Isis researchers and Prof Sarah Tabrizi, University College London and global head of the ASO–HTT-Rx study, emphasize this first clinical trial is designed purely to evaluate its safety.
This is a critical point. As exciting as this science is, the first planned trial is strictly designed to understand whether the drug is safe. Directly injecting any drug into the nervous system cannot be done lightly—all the potential risks and side effects have to be exhaustively examined in a small number of volunteer patients.
Anatomy of a clinical trial
All Phase I clinical trials aim first and foremost to evaluate safety and tolerability of new drugs. This means that a small group of patients (probably around 36) will be treated with differing amounts of ASO–Htt-Rx, in order to determine whether the drug has adverse side effects, and to help find the optimal dose.

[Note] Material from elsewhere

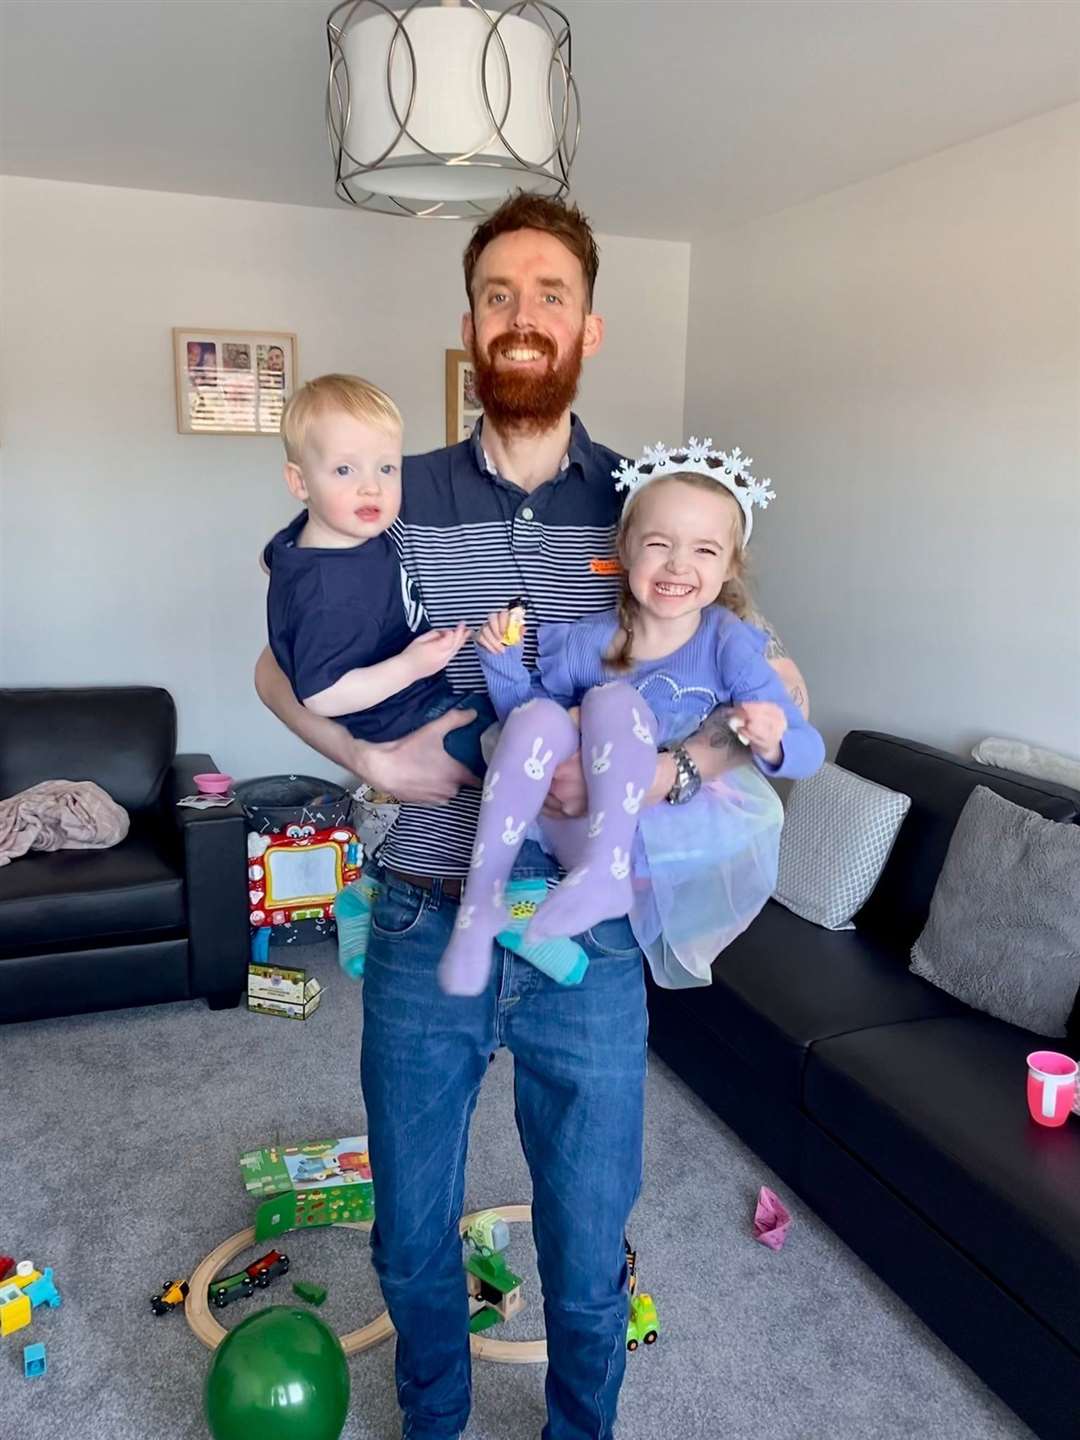 Stewart with his children.

About 25% of the patients involved will receive a placebo injection (one that does not contain any drug) to serve as a comparison group. Doctors will be monitoring the patients’ symptoms in response to the treatment, but the main focus of this trial is about whether the new drug is safe.
Once a drug has been deemed safe in Phase I, it can progress to Phase II. It’s at this second step that physicians can recruit larger numbers of patients and begin to examine how effective the drug is in treating disease symptoms. Having established safety and dose in the first trial, researchers can now ask the question, ‘does this treatment make people’s HD symptoms better (or worse!)’?

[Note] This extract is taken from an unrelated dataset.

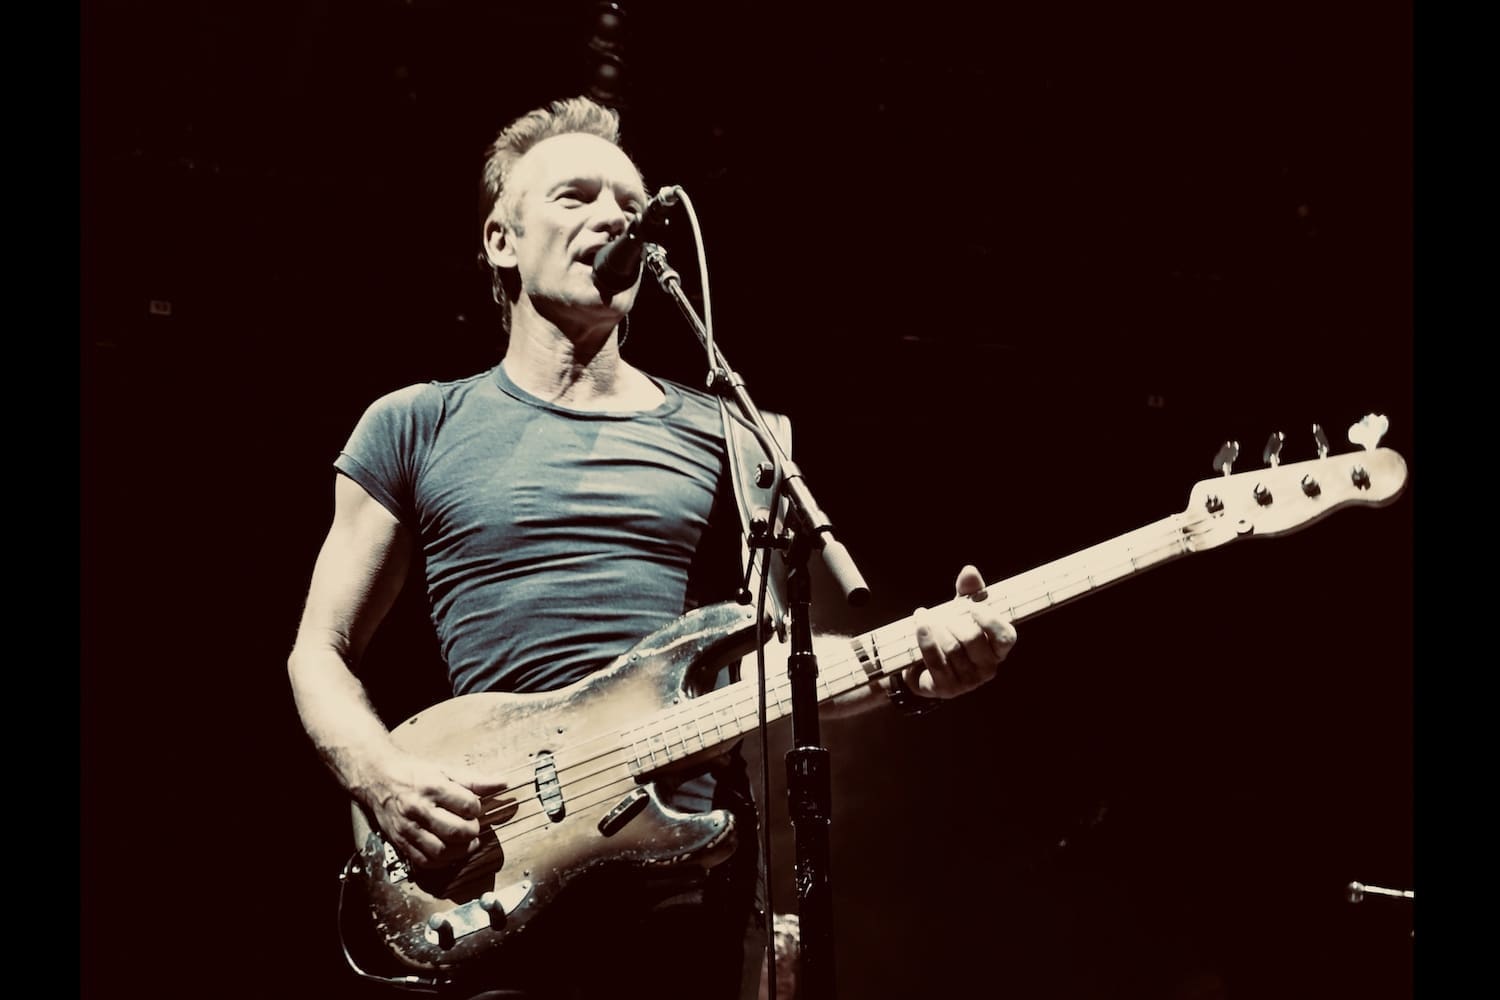 Der Musiker Sting mit Bassgitarre und Mikrofon auf einer Konzertbühne.

If the results of the Phase II trial are positive, a Phase III trial involves even greater numbers of patients, carefully examining the drug’s side effects, effectiveness, and safety. A successful Phase III trial is the kind of result that drug companies need to get a drug approved by national regulatory agencies.
What does this mean for HD patients?
The entire process of bringing a drug to market takes years, even if everything goes perfectly. If ASO–Htt-Rx turns out to be safe in the just-announced Phase I study, this first result is just the beginning of a long road in the clinic. Each trial along that path, Phases I, II and III, will involve a relatively small number of treated patients. Furthermore, within each of these trials, some of the volunteers will receive placebotreatment to serve as a comparison for patients receiving HTT–ASO-Rx.

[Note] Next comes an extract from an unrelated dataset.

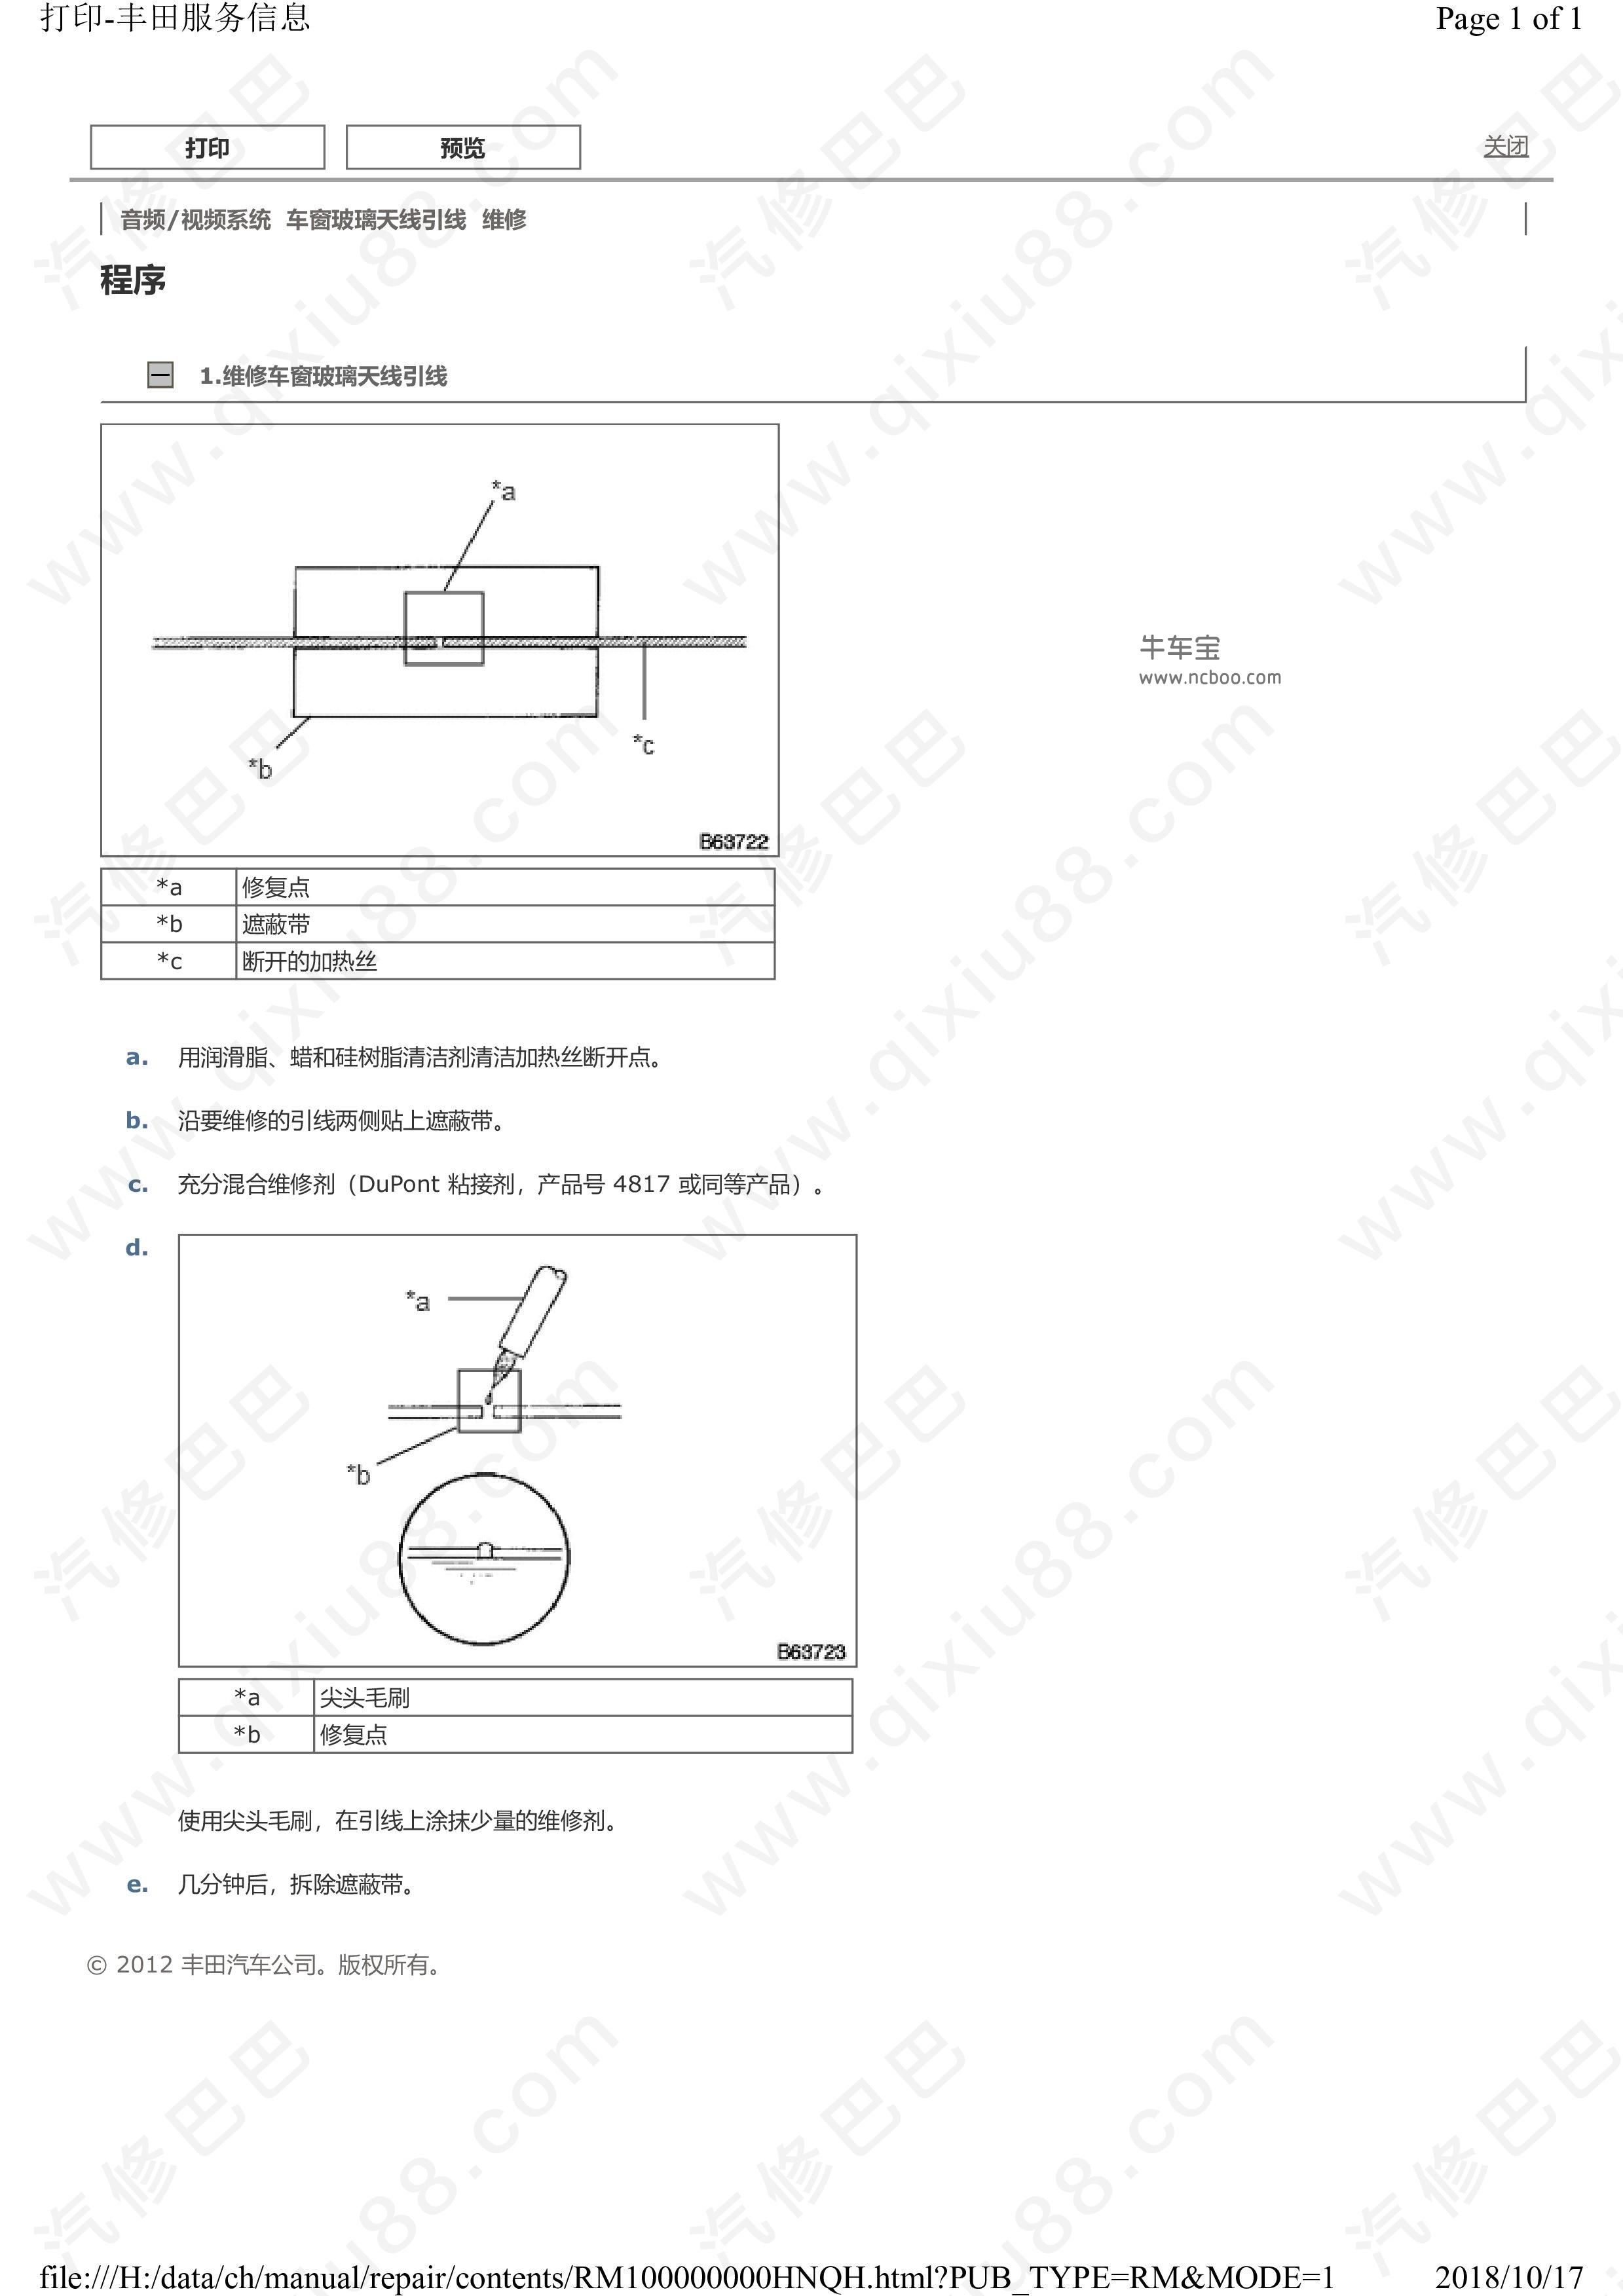 丰田皇冠音频 视频系统 扬声器 天线维修手册和线路图

Patients in the Phase I trial of HTT–ASO-Rx will be recruited from just a few medical centers in Europe and Canada. A small set of designated HD research centers, to be announced in early 2015, will seek to recruit trial participants. The recruits will be people in the early stages of HD, but the specific enrollment criteria, locations and timing are not yet public information. We know for sure that a lot of detailed planning is happening behind the scenes, and that everyone is working really hard to advance this trial as quickly as possible.
Safety, uncertainty, hope
In summary, we’re excited that the first human trial of a drug that targets the root cause of HD will start as early as next year. This excitement is tempered by the realization that this first trial is all about safety, involves only a very small number of HD patients, and that many details of the study are still uncertain.
Drugs similar to ASO–Htt-Rx have safely restored healthy behaviors in animal models of HD, and moving the treatment into humans is an exciting step for the whole HD community. We’ll be following the trial’s progress with a keen eye, so that hopefully we can provide intermittent doses of cautious optimism.